Das von der Ständigen Impfkommission (STIKO) formulierte Ziel ist die Abwendung eines größtmöglichen Schadens von der Gesellschaft unter Beachtung der Prinzipien von Selbstbestimmung, Gerechtigkeit und gesellschaftlicher Solidarität. Nur unter Achtung jeder dieser Prinzipien lassen sich ungerechtfertigte Diskriminierungen durch Priorisierung vermeiden. Deswegen wurde eine gemischte Priorisierungsgruppe 1 identifiziert, in der die Funktionsfähigkeit des Gesundheitssystems und gleichermaßen die Vermeidung von sehr schwerer Erkrankung und Tod berücksichtigt werden. Daher müssen Mitarbeiterinnen im Gesundheitswesen insbesondere an bestimmten Arbeitsstellen und Bewohnerinnen und Mitarbeiterinnen von Pflegeheimen gleichermaßen schnell durch Impfungen geschützt werden. Mit dieser Gruppenzuordnung verknüpft sich der wichtige Effekt, dass durch die Vermeidung von schweren Erkrankungen bei alten Menschen die Belastungen der Intensivstationen nachlassen.
Folgen für die Praxis des Impfens gerade auch in Niedersachsen:
(1) Auch unter der Bedingung von extrem wenig Impfdosen sollten Bewohnerinnen und Mitarbeiterinnen von Pflegeheimen und Mitarbeiterinnen von Krankenhäusern in besonders gefährdeten Bereichen gleichzeitig geimpft werden. Wird nur eine Gruppe der Priorisierungsgruppe berücksichtigt, kommt es zu nicht mehr begründbaren Ungerechtigkeiten. Von daher ist – schon aufgrund der Kühlungsprobleme – es geboten, alle zu Verfügung stehenden Dosen schnellstmöglich zu verimpfen, ggf. auch unter Weitergabe an andere Einrichtungen, die diese vor Ort jeweils benötigen und gebrauchen können. Verwaltungsrechtliche Hürden sind demgegenüber nachrangig.

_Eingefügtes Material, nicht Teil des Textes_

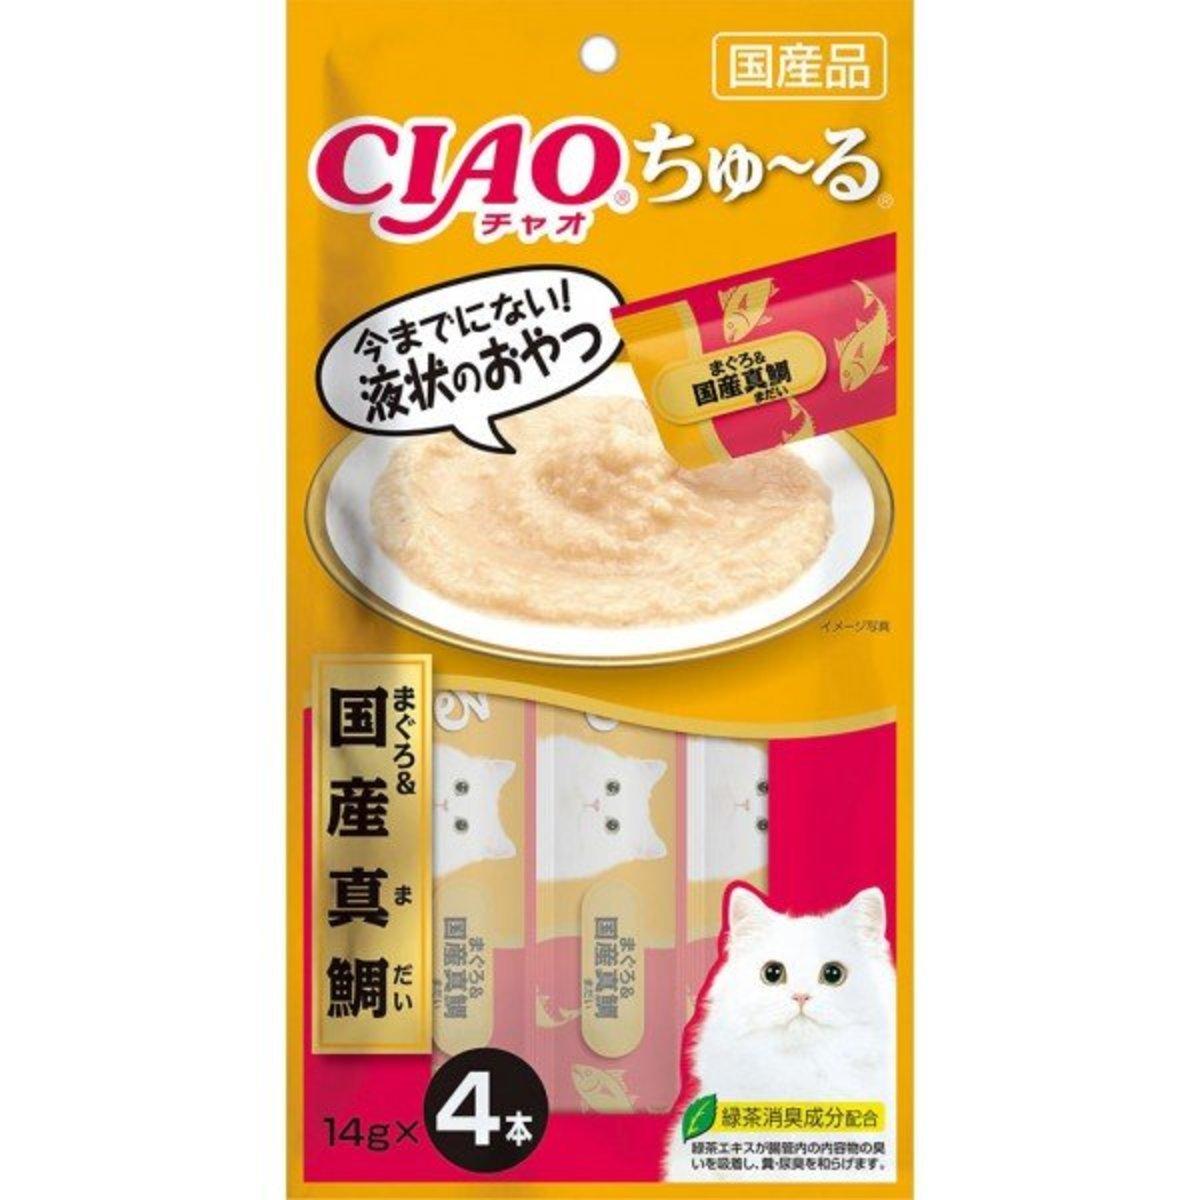 CIAO Churu Tuna and Red Snapper Puree (14g x 4) #SC-177

(2) Da selbst die priorisierte Gesamtgruppe nur stufenweise geimpft werden kann, müssen als Begründung für die Differenzierungen regionale Inzidenzzahlen, Schwerpunktversorgung von Covid-Kranken u.a. herangezogen und kommuniziert werden.

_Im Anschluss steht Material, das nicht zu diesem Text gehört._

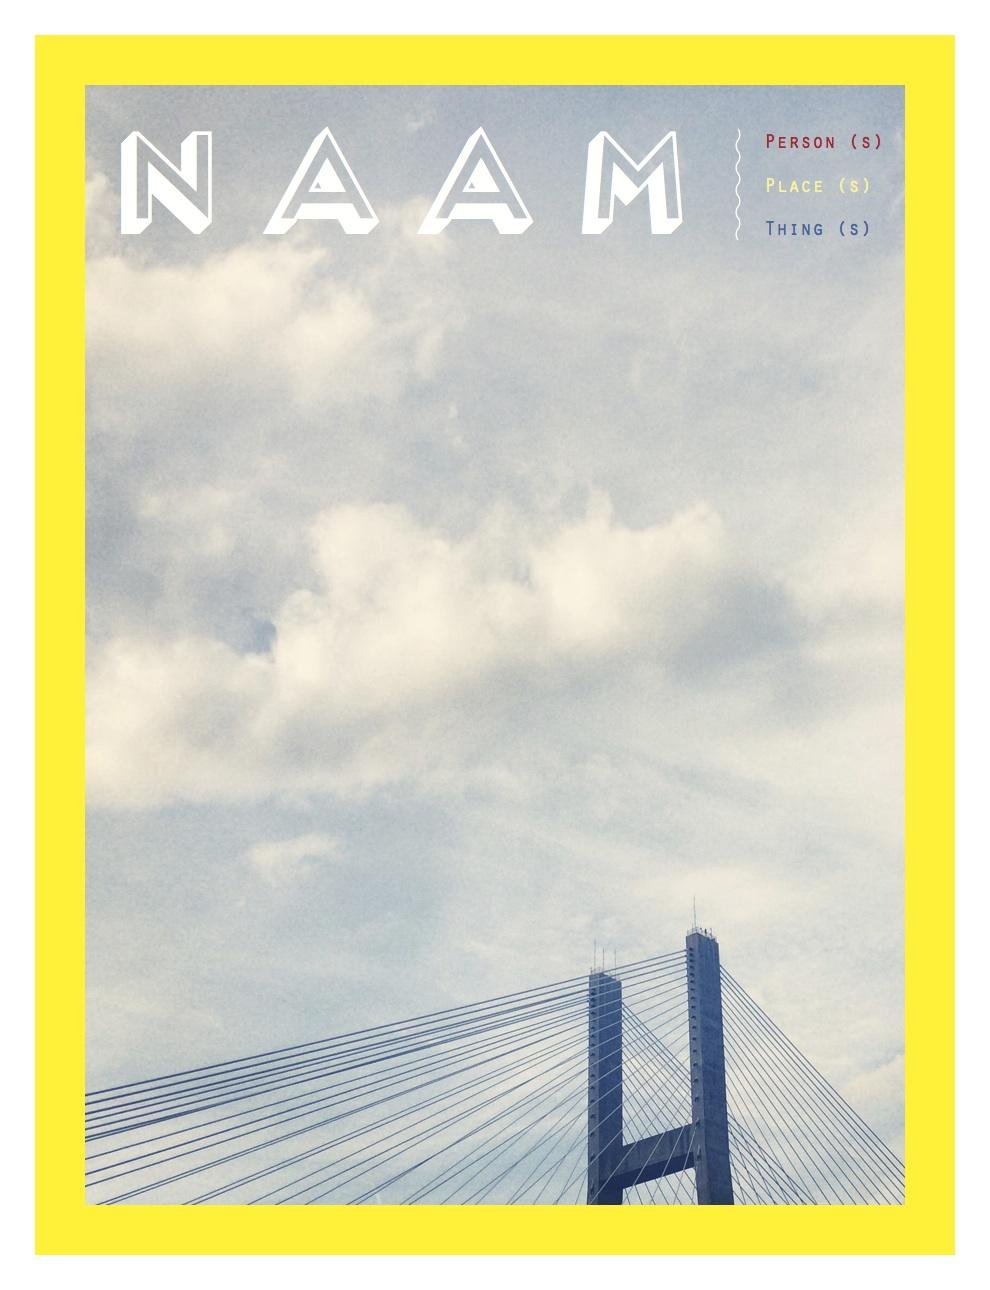 Cover of NAAM Magazine. Photo by Perri Rothenberg in Savannah, GA.

(3) Die derzeitige Lage ist sehr dynamisch und wird so bleiben. Von daher sind kurzzeitig immer wieder Anpassungen unabdingbar. Klar kommuniziert werden sollte, dass Priorisierungen stets implizit Ungerechtigkeiten beinhalten. Diese Ungerechtigkeiten können nur gerechtfertigt und in der Bevölkerung akzeptiert werden, wenn sie ethisch und wissenschaftlich begründet werden. Die Kommunikation unvermeidbarer Ungerechtigkeiten hat landesweit, gut verständlich und rasch zu erfolgen.
(4) Es sollte vermieden werden, dass Zuteilungsentscheidungen nur regional und ad hoc erfolgen. Ein interessengeleiteter Run der Einflussreichsten auf den Impfstoff ist ethisch nicht legitimierbar. Die in einer parlamentarischen Demokratie eingeübte Lobbyarbeit von Verbänden ist in diesem Fall kein geeignetes Mittel, um das von der ständigen Impfkommission festgelegte Ziel, der Schadensvermeidung für die größtmögliche Anzahl von Menschen zu erreichen.
(5) Die Bürger*innen Niedersachsens, vor allem Menschen mit besonders hohem Risiko in der jetzigen Impfphase, müssen ihre Impfung einschätzen und planen können. Es bedarf umgehend leicht verständlicher und zugänglicher sowie transparenter Anmeldeverfahren.
(6)Missgunst ist nicht das ethische Gebot der Stunde – gerade auch im Blick auf schon geimpfte Bevölkerungsgruppen. Insbesondere gegenüber hochaltrigen Menschen kann angesichts kurzer Lebensfristen ein Appell an deren Geduld zynisch werden. Ihnen sollte deshalb – sobald gewiss ist, dass sie nicht ansteckend wirken – eine Nutzung ihrer grundrechtlich verbriefen Freiheitsrechte eingeräumt werden.